We found current sampleFDO had a performance issue when triaging a regression. For a callsite with inline instance in the profile, even if hot callsite inliner cannot inline it, it may still execute enough times and should not be treated as cold in regular inliner later. However, currently if such callsite is not inlined by hot callsite inliner, and the BB where the callsite locates doesn't get samples from other instructions inside of it, the callsite will have no profile metadata annotated. In regular inliner cost analysis, if the callsite has no profile annotated and its caller has profile information, it will be treated as cold.
The fix is for such warm callsites without profile because they are inlined in the profile, still keep them without profile metadata annotated. For other callsites whose parent BBs don't get any sample, explicitly annotate them with 0 profile count (Don't omit profile metadata). In regular inliner cost analysis, if a callsite has no profile annotated, we won't treat it as cold anymore -- we treat callsites as cold only when they profile count exists and is less than cold cutoff value.
It fixes a 5% regression in the target application.
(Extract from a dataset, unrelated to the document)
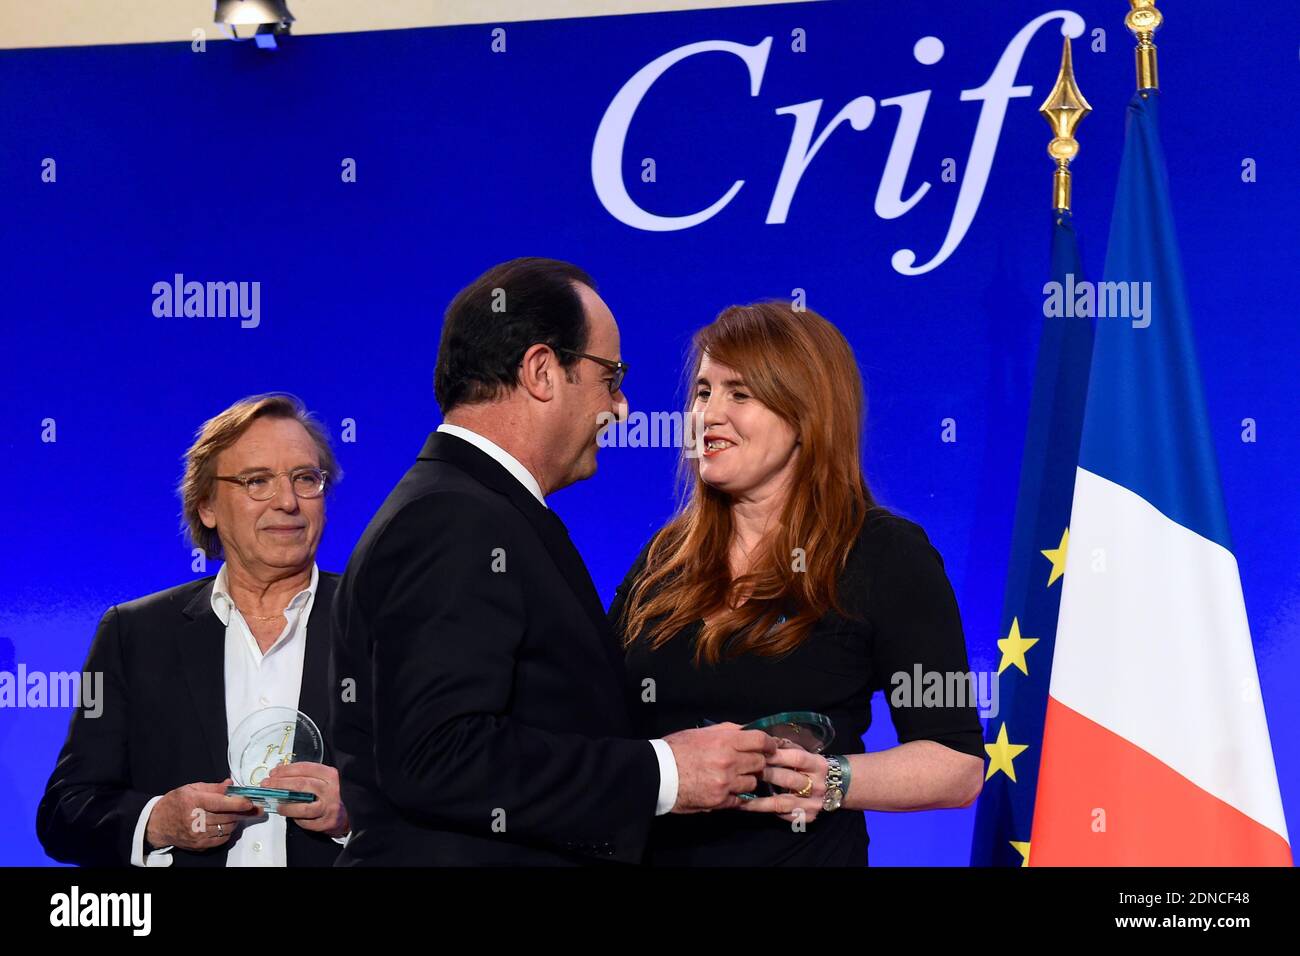 French President Francois Hollande presents producer Marie-Castille Mention-Schaar with a CRIF award as director Alexander Arcady looks on during the 30th annual Dinner of the Representative Council of the Jews of France (CRIF) held at the Pullman Montparnasse Hotel in Paris, France on February 23, 2015. Photo Pool by Erez Lichtfeld/ABACAPRESS.COM Stock Photo

I also evaluate it on two server benchmarks and find no performance difference there, but one server benchmark gets 2% reduction in size.
I also evaluate other alternative to fix the issue, like relax the criterial of hotness checking in hot callsite inliner, but the result is not as good as this strategy probably because regular inliner has more information about whether we should inline a warm callsite with medium/small size callee.
This can cause problem if the caller function is newly added and there is no profile associated with it -- all callsites there will be marked as cold.